臺灣博碩士論文加值系統

網絡統合分析（Network meta-analysis）能夠結合直接與間接證據，以比較多種治療的相對效益或危害。結構方程模式（Structural equation modeling）則是一種探討多個觀察變數和潛在變數的統計方法。先前的研究顯示網絡統合分析中的Lu-Ades模型可應用於結構方程模式。然而，Lu-Ades模型乃以治療之間的差異（contrast）作為分析單位的差異參數化模型（contrast-parameterized model），因此不僅會引入差異之間的相關性，也帶來資料輸入和模型建構的麻煩。

在本篇博士論文中，我們提出了如何在結構方程模式中，直接以各治療的結果為分析單位，即臂參數化模型（arm-parameterized model），來進行網絡統合分析。
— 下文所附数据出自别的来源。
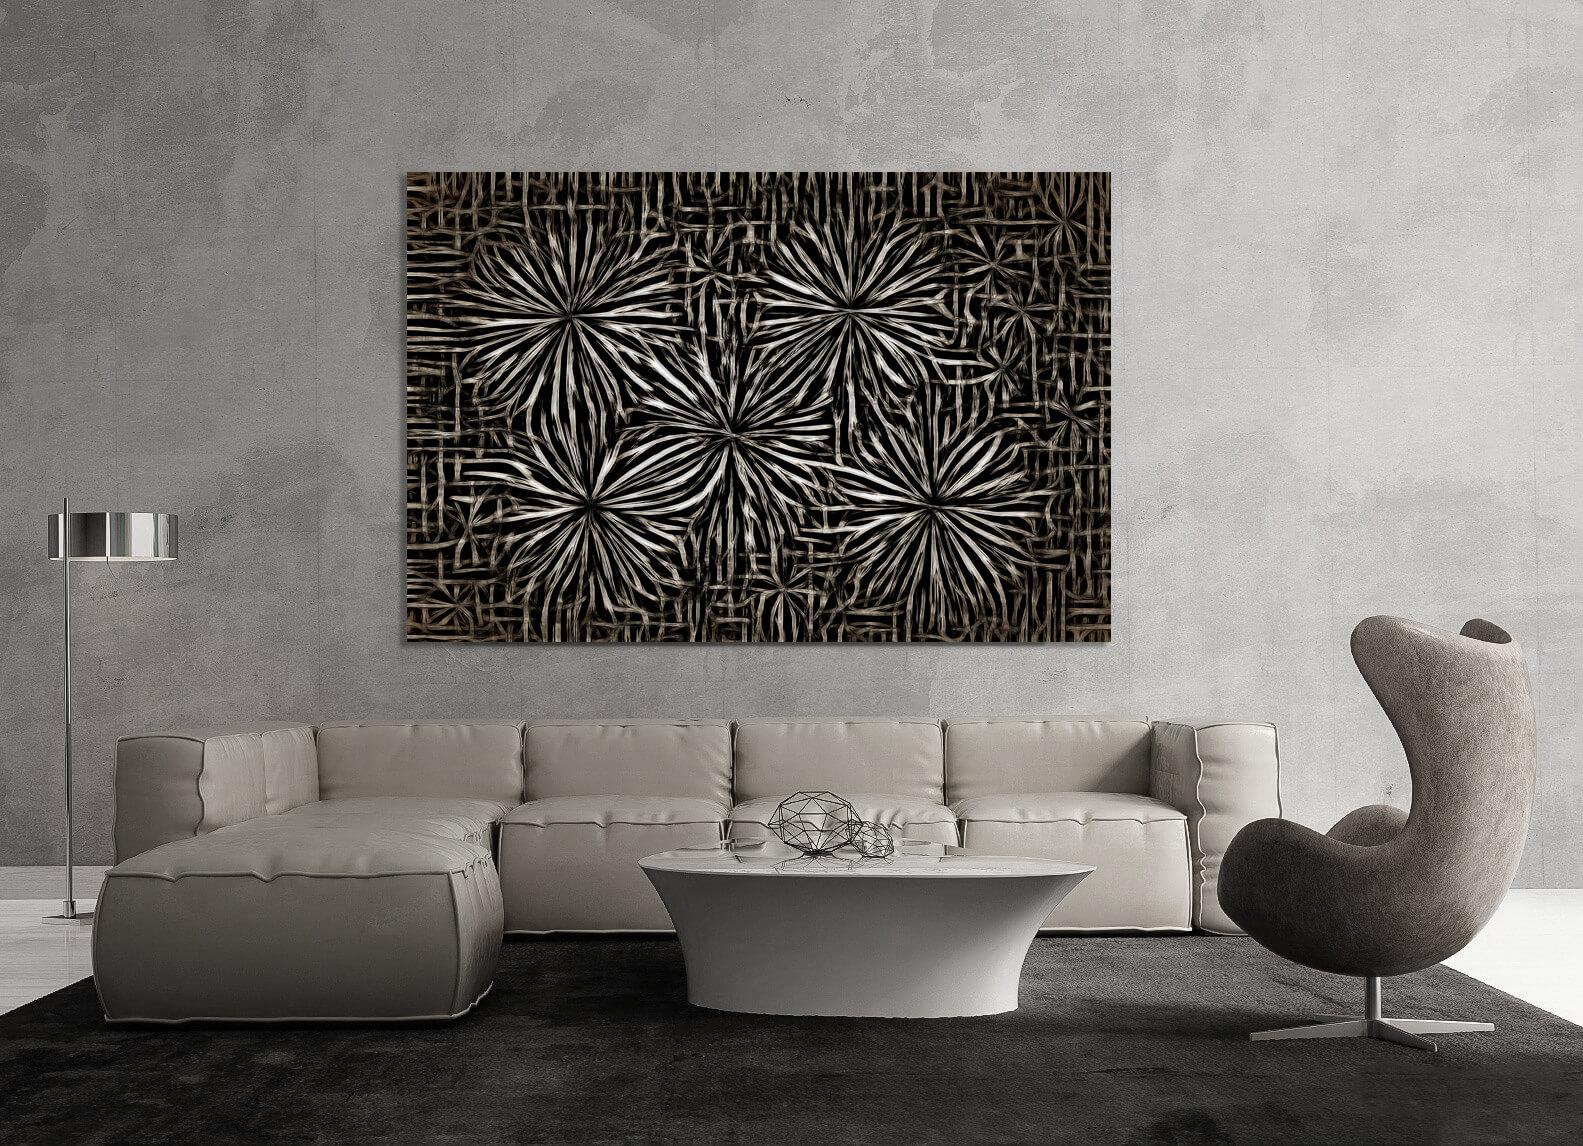 Steel Flowers interior
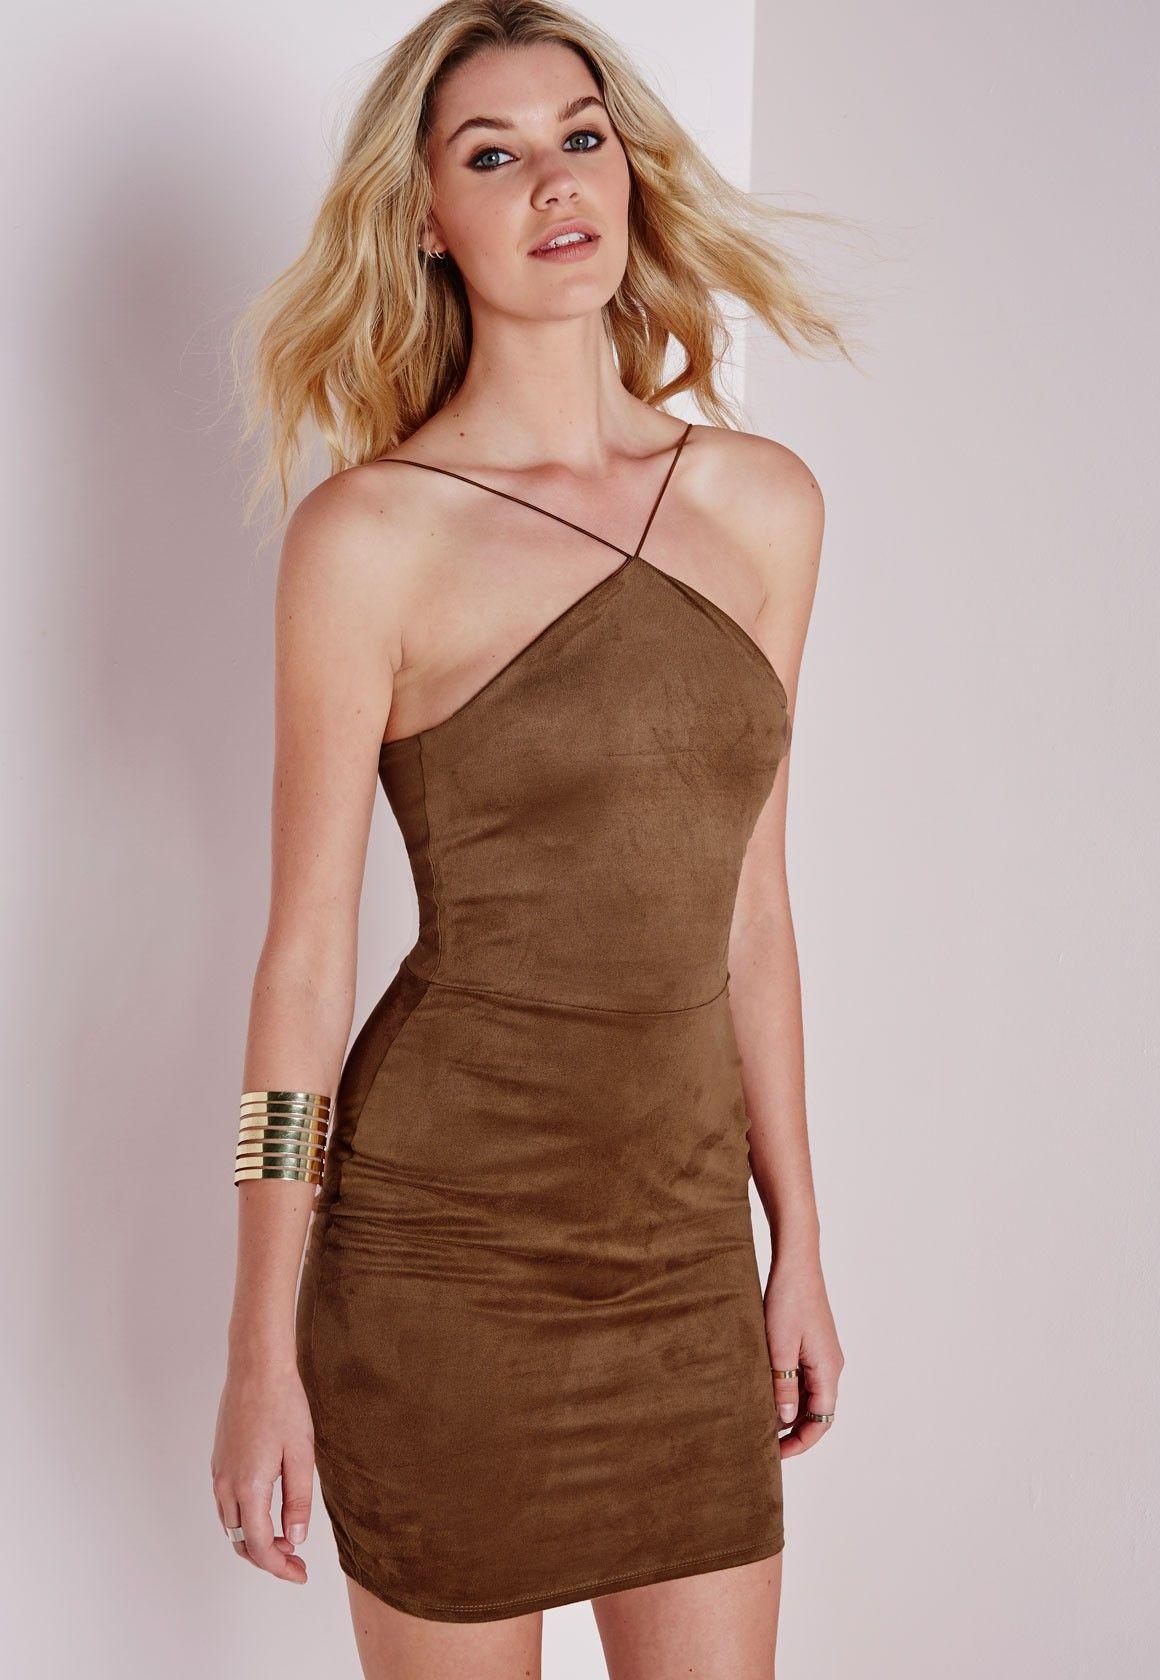 Missguided Faux Suede Halter Bodycon Dress Tan Bodycon Dress Women Dress Online Brown Halter Dress [ 1680 x 1160 Pixel ]

其中我們發現臂參數化模型會引入過多固定效應參數而造成附帶參數問題（incidental parameter problem），因此使用積分的方式將參數消除。我們說明了如何將採用受試者內設計（within person design）的研究納入臂參數化模型分析。另外，在臂參數化模型的架構下，傳統統合分析的新估計方法「無限制加權最小平方法（unrestricted weighted least squares）」可以輕易地推廣到網絡統合分析。

而後，我們利用發展的模型佐以結構方程模式的多群組分析（multiple group analysis）來探討網絡統合分析的不一致性（inconsistency），包括全域不一致性（global inconsistency）以及直接-間接證據不一致性（direct-indirect evidence inconsistency）。全域不一致性可在結構方程模式中以設計不一致性模型（design inconsistency model）評估。直接-間接證據不一致性則再被細分為設計導向及資訊導向兩種分析方式。為了瞭解設計導向直接-間接證據不一致性的結構，我們定義了證據網絡圖及證據比較圖，並根據這兩種圖提出臂基準不一致模型（arm-parameterized inconsistency model）。該模型能夠統合當前所有評估直接-間接證據不一致性的模型。在資訊導向直接-間接證據不一致性方面，我們提出了證據裂解模型（evidence-splitting model），並證明該模型是當前唯一能夠正確反映「直接比較證據」與「網絡統合分析中的其他證據」差異的模型。其中，證據裂解模型的參數關係較特殊，因此只有在結構方程模式才能正確估計。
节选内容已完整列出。